**Exercise requirements**
Please make an exact copy of the listing, without the pictures.

==== Information supplied

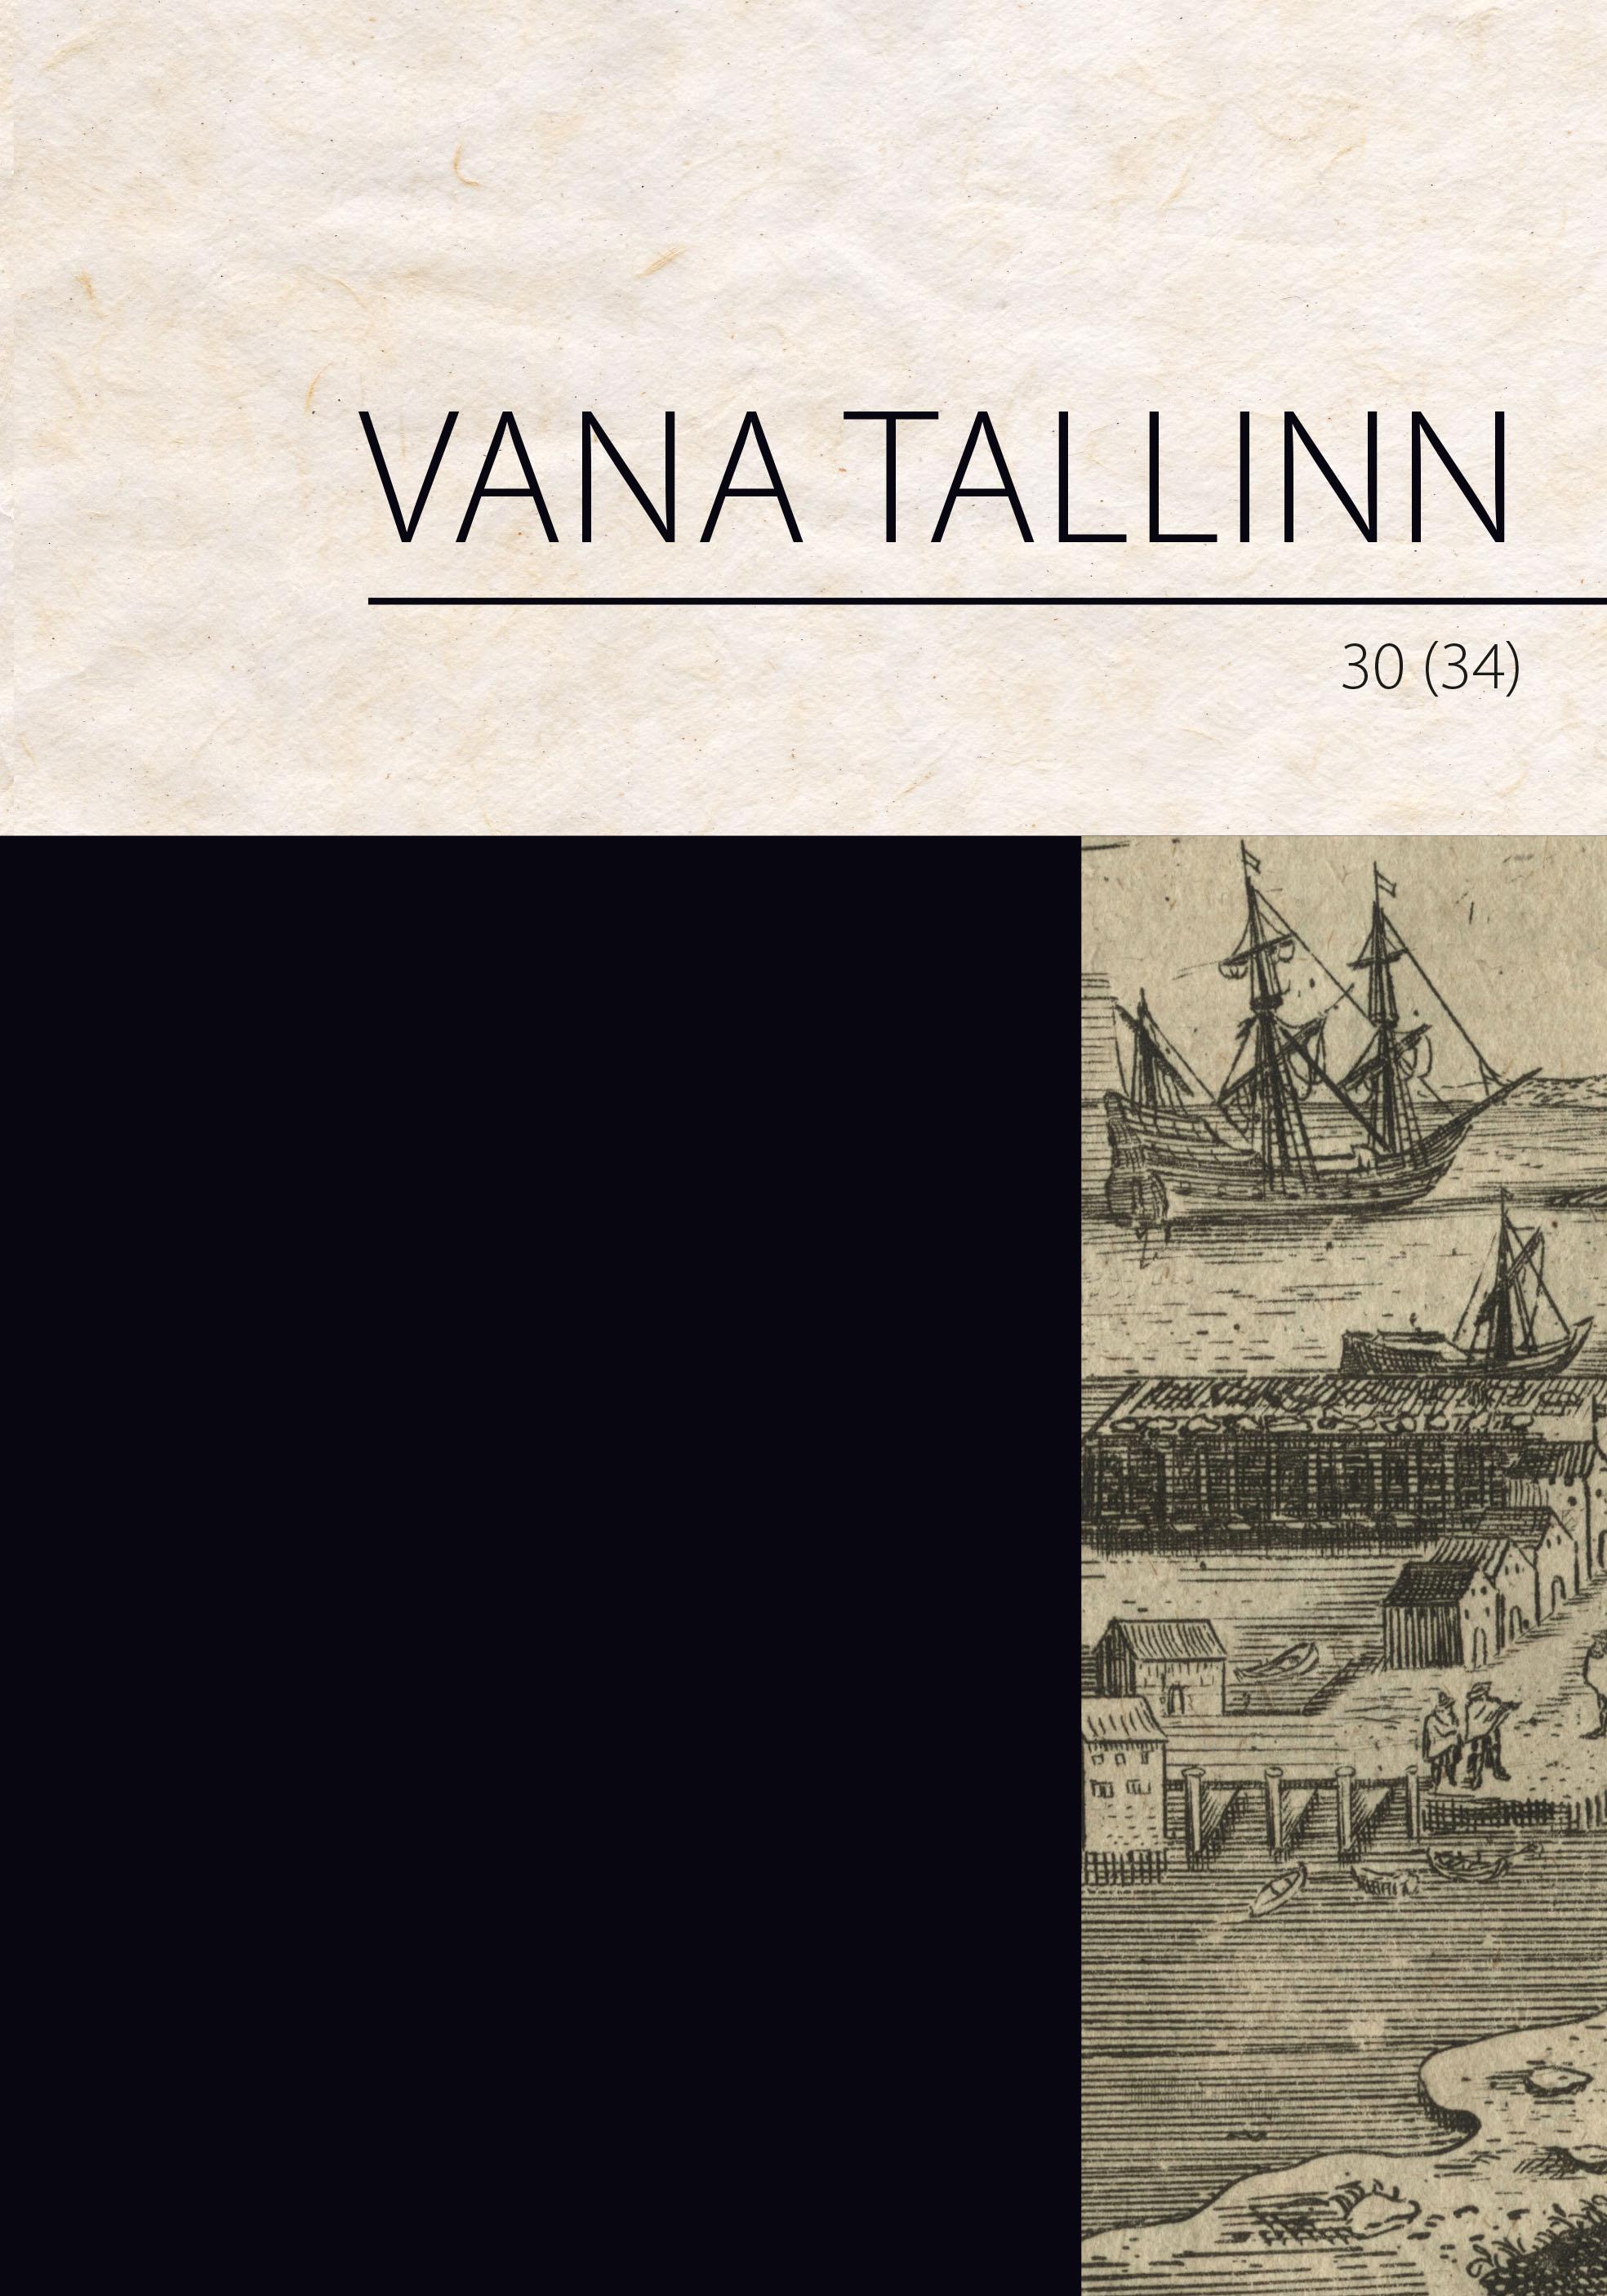 VANA TALLINN 30 (34)
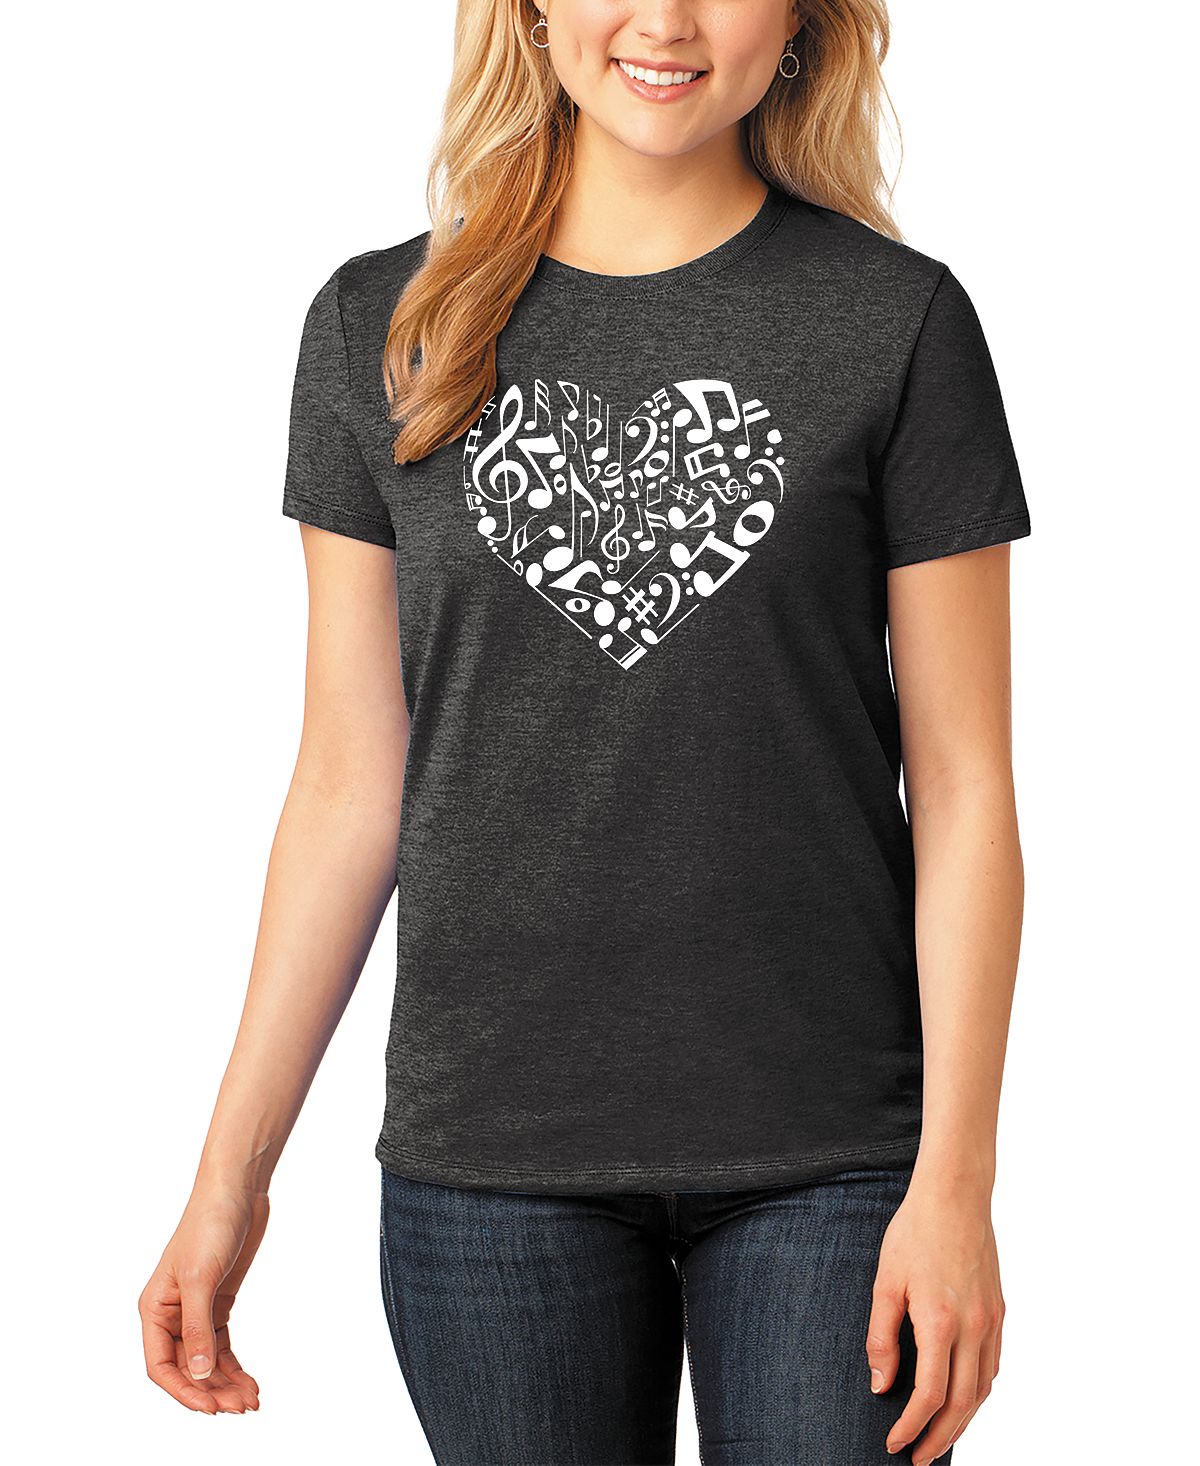 Женская футболка premium blend word art с нотами сердца LA Pop Art, черный
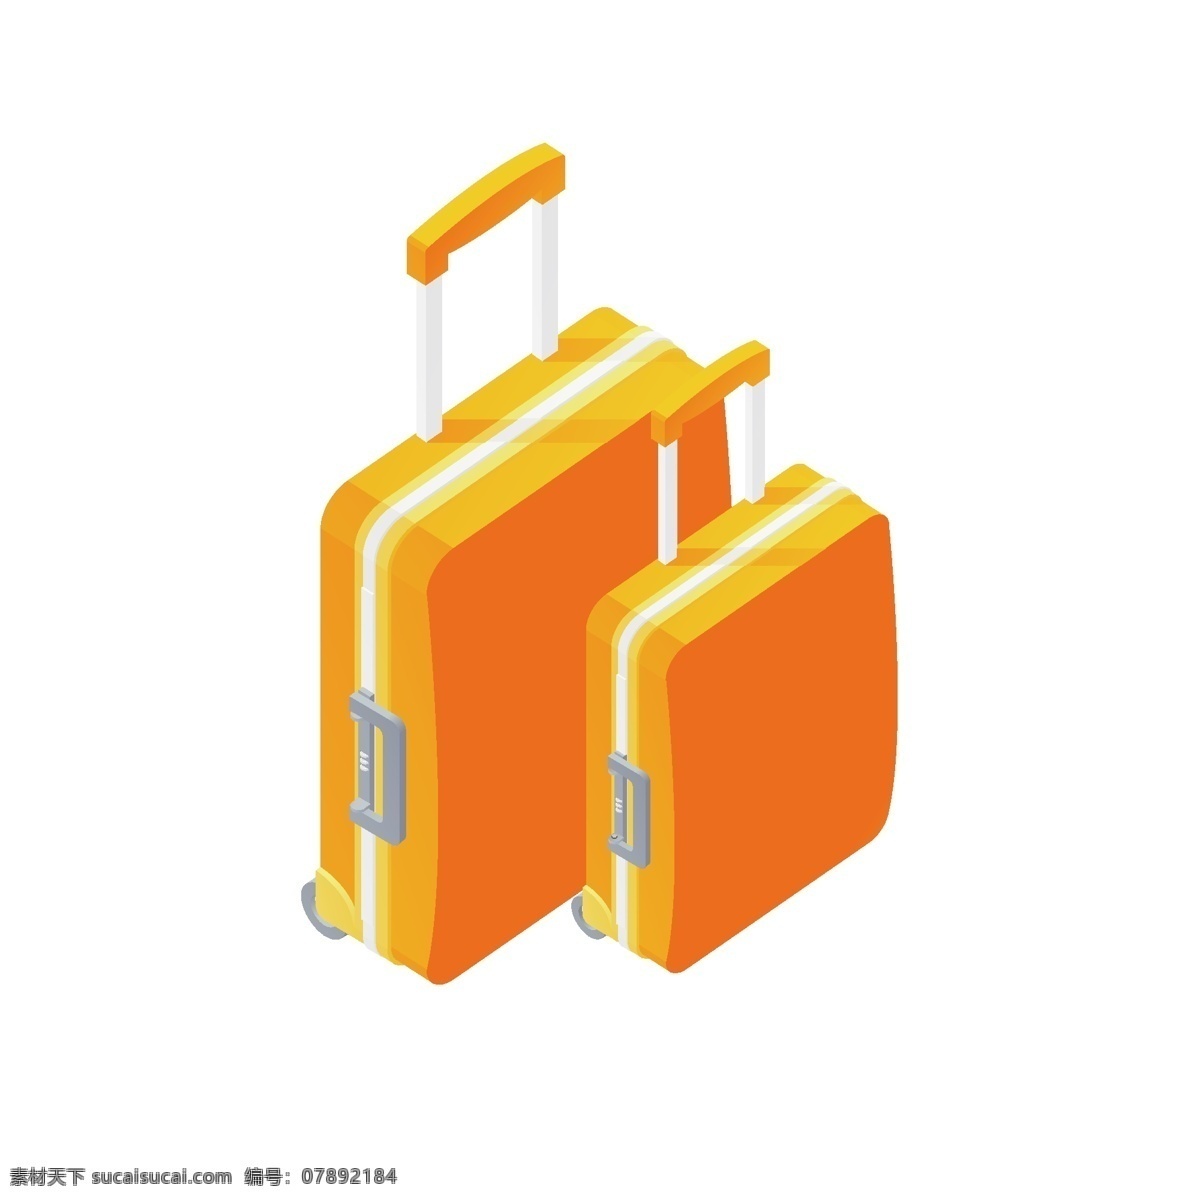 黄 橙色 手绘 卡通 旅行箱 行李箱 度假 旅游 卡通旅行箱 黄橙色 箱子 行李

========

**Your solution**
 VANA TALLINN 30 (34)
 Женская футболка premium blend word art с нотами сердца LA Pop Art, черный
 黄 橙色 手绘 卡通 旅行箱 行李箱 度假 旅游 卡通旅行箱 黄橙色 箱子 行李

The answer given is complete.